Sheila mengangguk cepat. Ia senang karena Adi sangat menyukai pemberiannya. Tapi hati Sheila belum juga tenang, karena ia yakin ada sesuatu antara Adi dan kekasihnya.

***

"Ahh.. Gila, panas banget."

"Iya. Tumben panas kayak gini."

Adi dan Sheila duduk di tepi arena latihan dengan kaki berselonjor dan tangan yang aktif mengipasi tubuh mereka masing-masing.

"Oh ya Di, temen-temen lo mana? Kok mereka gak ke sini," tanya Sheila.

"Fayez maksud lo?."

Sheila hanya mengangguk dengan mimik wajah kepanasan.

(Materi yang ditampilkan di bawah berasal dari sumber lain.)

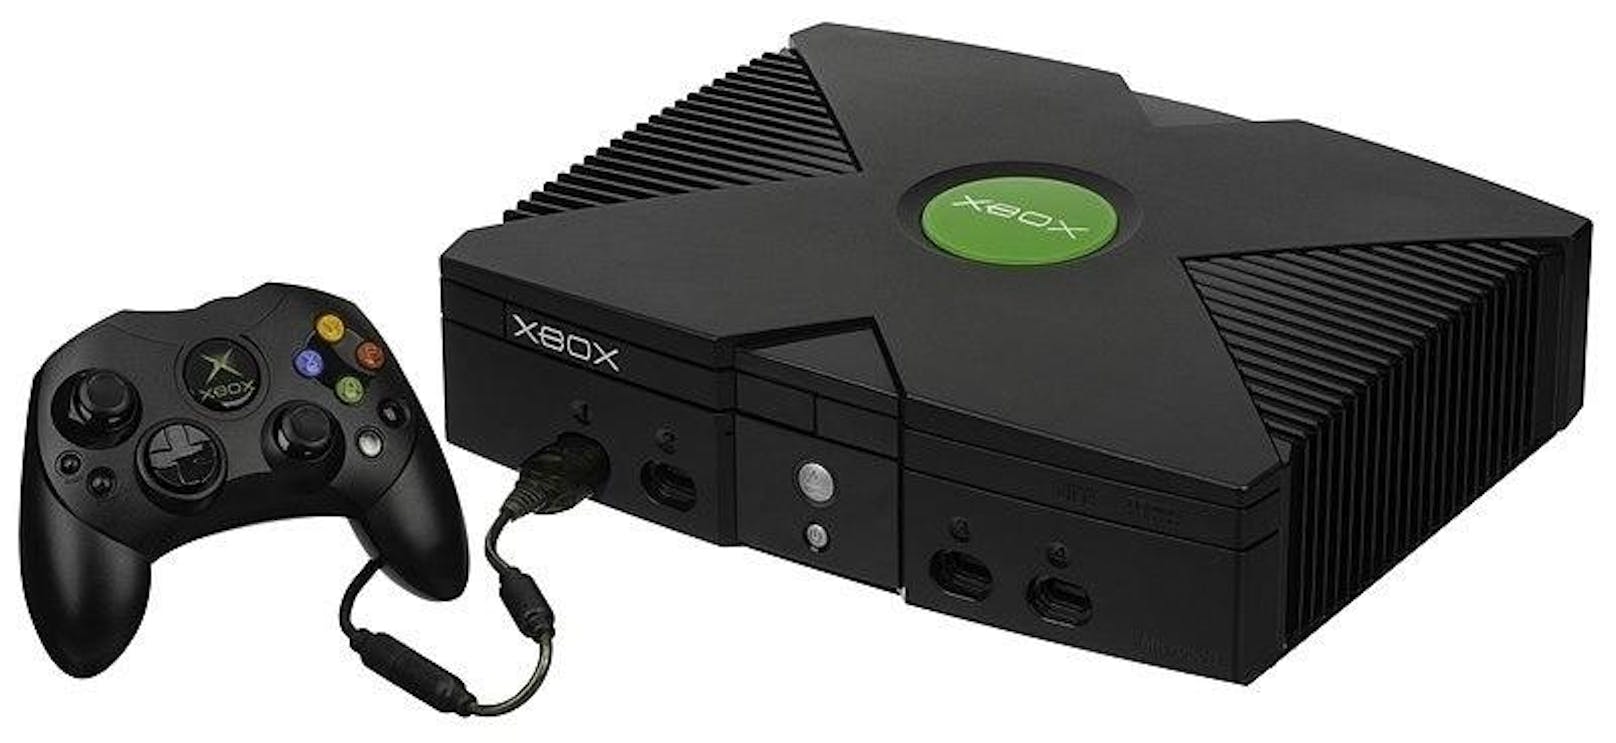 Mit der Xbox startete Microsoft 2001 seinen Erfolgsrun am Konsolenmarkt. Absoluter "System Seller" war die Halo-Spieleserie.

"Dia lagi sekolah. Belum pulang kalo jam segini. Apalagi dia pengurus osis, palingan juga pulang sore," ungkap Adi.

"Oh, gitu. Jadi kita latihan cuma berdua aja, nih? Sampe sore?," tanya Sheila sambil menoleh ke arah Adi.

"Iya, lah. Brama kan gak ada."

Dengan cepat Sheila menghentikan pergerakan tangannya yang sedang mengipas wajahnya sendiri.

"Maksud lo apa? Emang Brama ke mana?."

"Mampus! Gue keceplosan," batin Adi.

Laki-laki itu menggaruk kepalanya yang sama sekali tidak terasa gatal.

"Maksud gue, kan dia nggak ada di sini. Jadi ya, kita latihan berdua aja," ujar Adi kikuk.

"Di, lo nggak sembunyiin apapun dari gue, kan?."

Adi tidak berkutik. Wajah Sheila sangat dekat dirinya. Apalagi tatapan yang Sheila berikan sangat tidak biasa. Membuat Adi menelan ludah dengan susah payah.

"G-gue serius, She," ucap Adi terbata. Ia menahan napas karena wajah Sheila yang semakin mendekat.

"Lo jujur Di. Atau....."

"A-atau apa?."

"Atau gue cium saat ini juga."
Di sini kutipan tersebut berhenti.